Het hoger beroep is ongegrond.
BRON
Uitspraak van 23 maart 2022 in het geding tussen:
X nv te Z, belanghebbende, (gemachtigde: H.A.M. Freeze)
en
de inspecteur van de Belastingdienst, de Inspecteur (vertegenwoordiger: …) op het hoger beroep van belanghebbende tegen de uitspraak van de Rechtbank Den Haag (de Rechtbank) van 15 april 2021, nummer SGR19/6849.
Procesverloop
1.1. Aan belanghebbende is over het jaar 2015 een navorderingsaanslag in de vennootschapsbelasting (Vpb) opgelegd naar een belastbaar bedrag van € 3.322.117 (de navorderingsaanslag). Bij gelijktijdig gegeven beschikking is een bedrag van € 163.040 aan belastingrente in rekening gebracht (de rentebeschikking).

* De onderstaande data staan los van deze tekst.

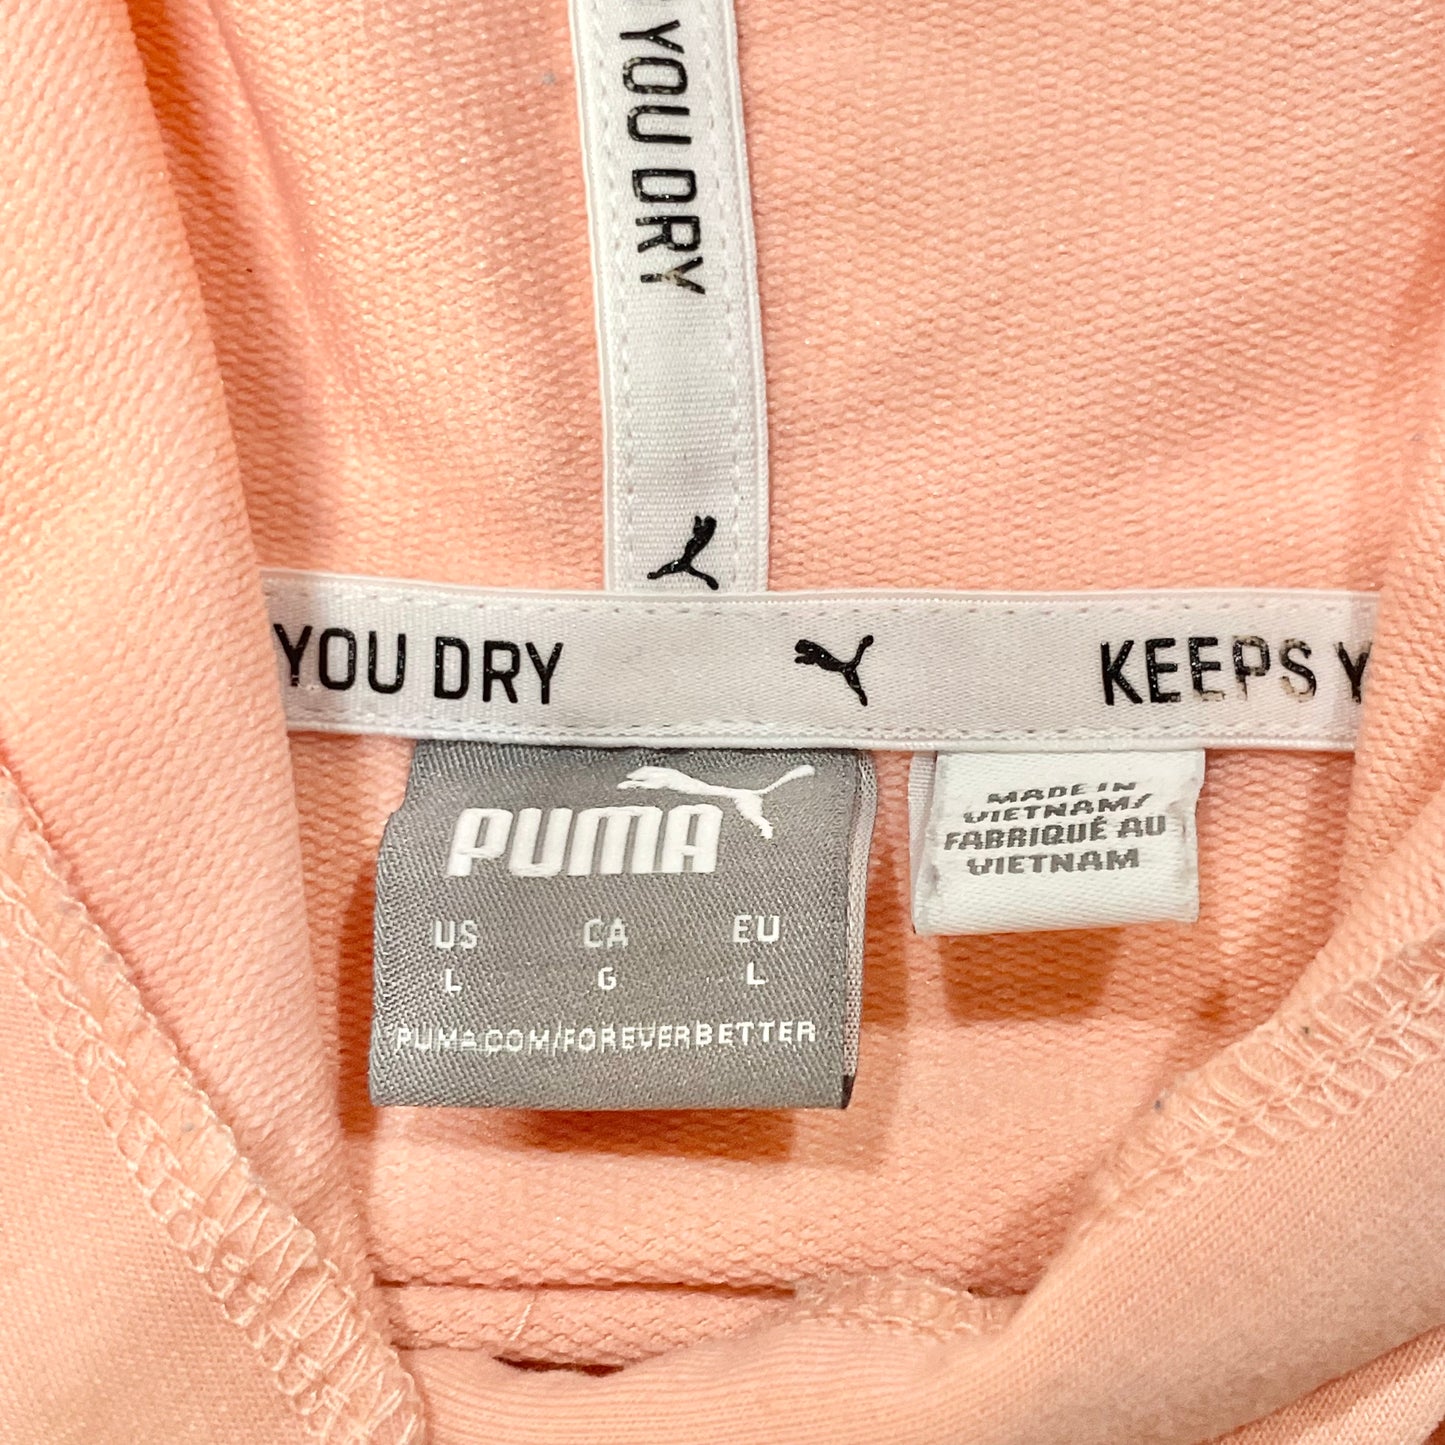 Sweatshirt Hoodie By Puma  Size: L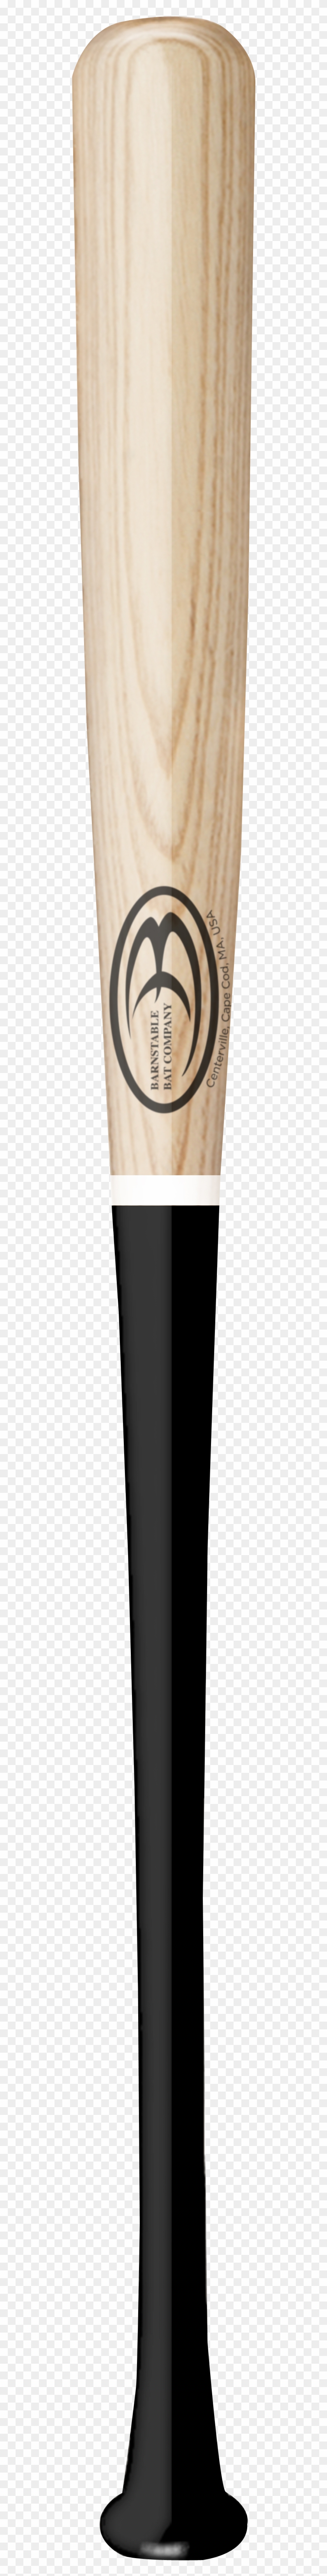 Clipart Baseball Bat Collection Png Image - Makeup Brushes #832994

1.2. Bij uitspraak op bezwaar heeft de Inspecteur de navorderingsaanslag verminderd tot een belastbaar bedrag van € 1.799.788 en de in rekening gebrachte belastingrente verminderd tot een bedrag van € 87.399.
1.3. Belanghebbende heeft tegen de uitspraak op bezwaar beroep bij de Rechtbank ingesteld. Ter zake daarvan is een griffierecht geheven van € 345. De Rechtbank heeft het beroep ongegrond verklaard.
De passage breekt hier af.